Full of cautious hope, I head into class
Will old leggings hold my preggo girl ass?
I place my mat down, and I hit Child’s Pose
I’d run, but I can’t, so it’s yoga I chose
Tuck my toes, Down Dog, I lift my hips high
I don’t feel great, but I’m here just to try
I pedal my feet, I twist and I wiggle
Do I feel gas? Clench! Don’t you dare giggle!
Oh, good, feet to the front, I breathe, I chill
Did I take Zofran? I need that lil’ pill
It works so well, and without it I’m nauseous
Damn! I forgot it, I’d better be cautious
I stand, my arms raise, I nail Mountain Pose
I look down, oh shit, I can’t see my toes
How will I know if I’ll lose all this weight gain?
It might all just climax with back labor pain
Sixty minutes, body! You can do it!
For quite a few weeks, you only could sit
I half-lift, plant hands, step back, and then I flow
I just swallowed vomit, oh great, a new low
My butt cheek itches, damn that hormone shot!
I reach back and scratch.
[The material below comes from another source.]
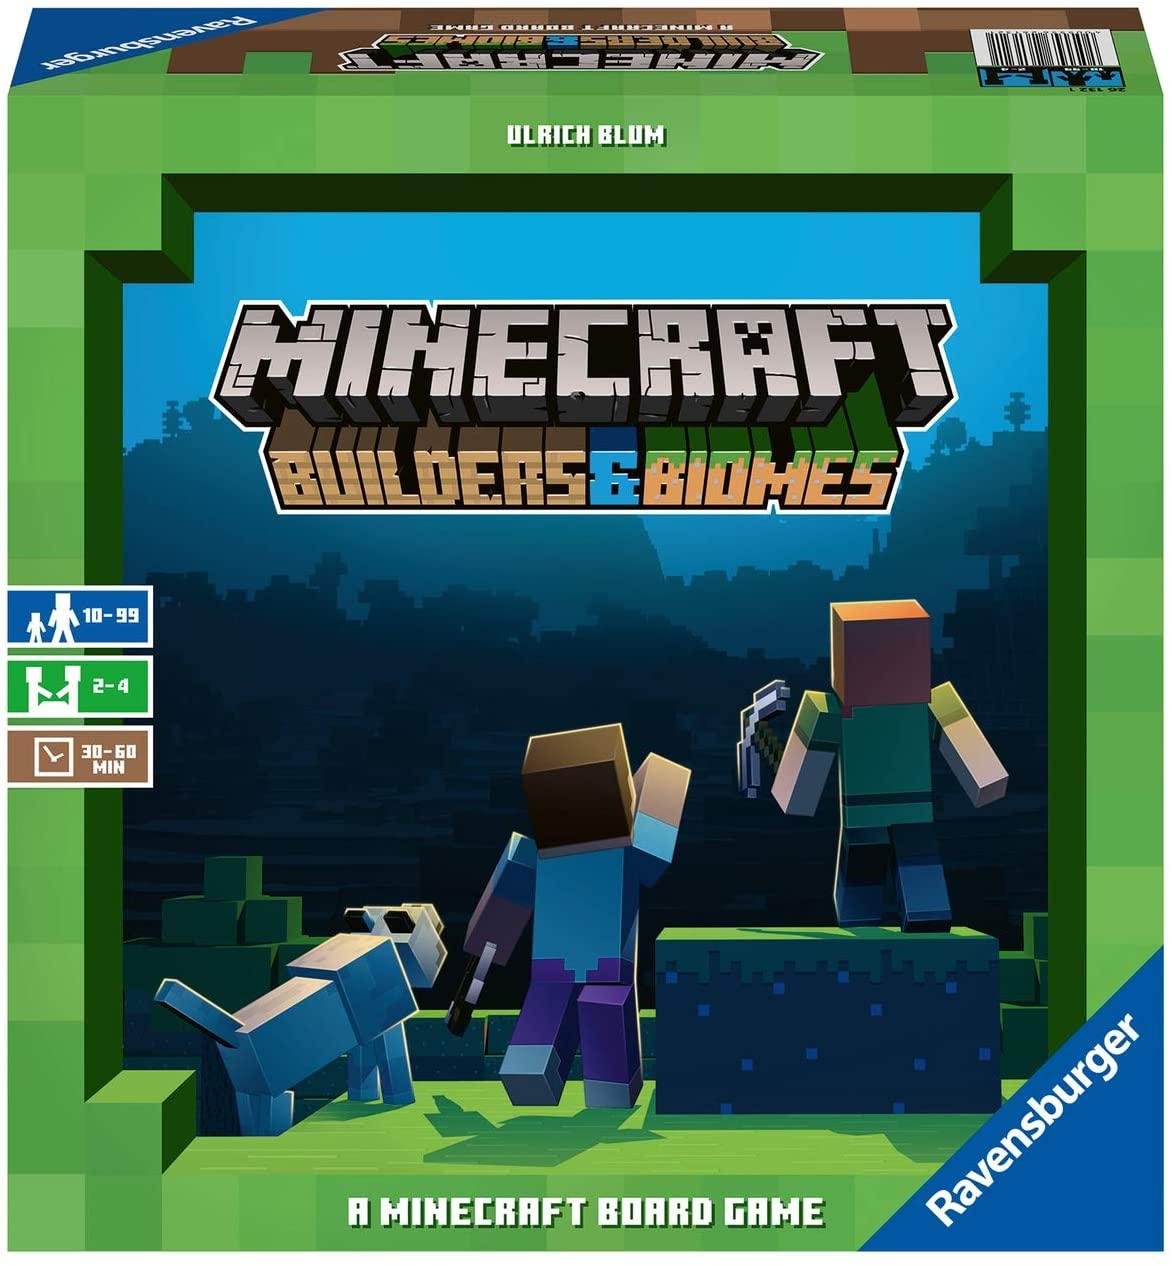 Recce la imagen de los constructores y biomas de Minecraft

My neighbor saw. Caught!
That judgy bitch by me is big-boobed and thin
Her mat’s where I’ll aim if I throw up again
High Plank to Low Plank, I can’t lift back up
Flop to my belly! Do I submit? Yup
My arms are too weak, my body feels foreign
Must let it go, but the tears start to pour in
Breathing is tough, I can hardly get air
I huff and I puff, people start to stare
How many times must I do this vinyasa?
I could be at home, curled up in mi casa
I try to balance, lifting tall in Tree
I’m kicked from inside, and I have to pee
Some preggo yogis feel great, they glow and such
But your cervix? A lotus? That’s a bit much
I hear Horse Pose helps for when Baby comes
We rise and we fall, all dropping our bums
I grunt as I flow, but it beats giving birth
I’m terrified of my kid’s head and its girth
And then it happens: a small puff of air
Screw it. I farted. Do I fucking care?
I know I’m lucky, but this shit ain’t fun
Soon we’ll meet Baby, and this can be done
We hit the mat, I’m weighed down by fatigue
Should I have come? Is this out of my league?
I lie on my back, and the heartburn sets in
Bridge lifts my hips up, brings my chest to my chin
Almost made it, my body feels better
Wait….What is that leak? My undies? Wetter
For the love of god…now a whole new headache?
This break-dancing baby should give Mom a break!
Now at the end, final relaxation
I fret about pain at zero station
Hemorrhoids now gone, I thought yoga a good plan
I’ll want to come back, and I hope that I can
Roll up my mat, put away block and strap
Some have it easy, but I get all the crap
I tried my best. My body is not the same
I’m warm now from wearing a blanket of shame
We slowly sit tall, I try anyway
I breathe and I say that last namaste
It’s time to go home, I may need two showers
My husband is sweet, I came home to flowers
I can learn from this time, I know that I can
But it would be simpler to be a man
Forty weeks are a gift, I do truly know
But my honest feelings to myself I owe
Author’s Note: I recognize that some women cannot have children, and this is in no way meant to disrespect or demean their experience. Rather, it is simply to share my own experience. Being a woman is hard enough, so it is essential that we have compassion and grace for each woman’s experience.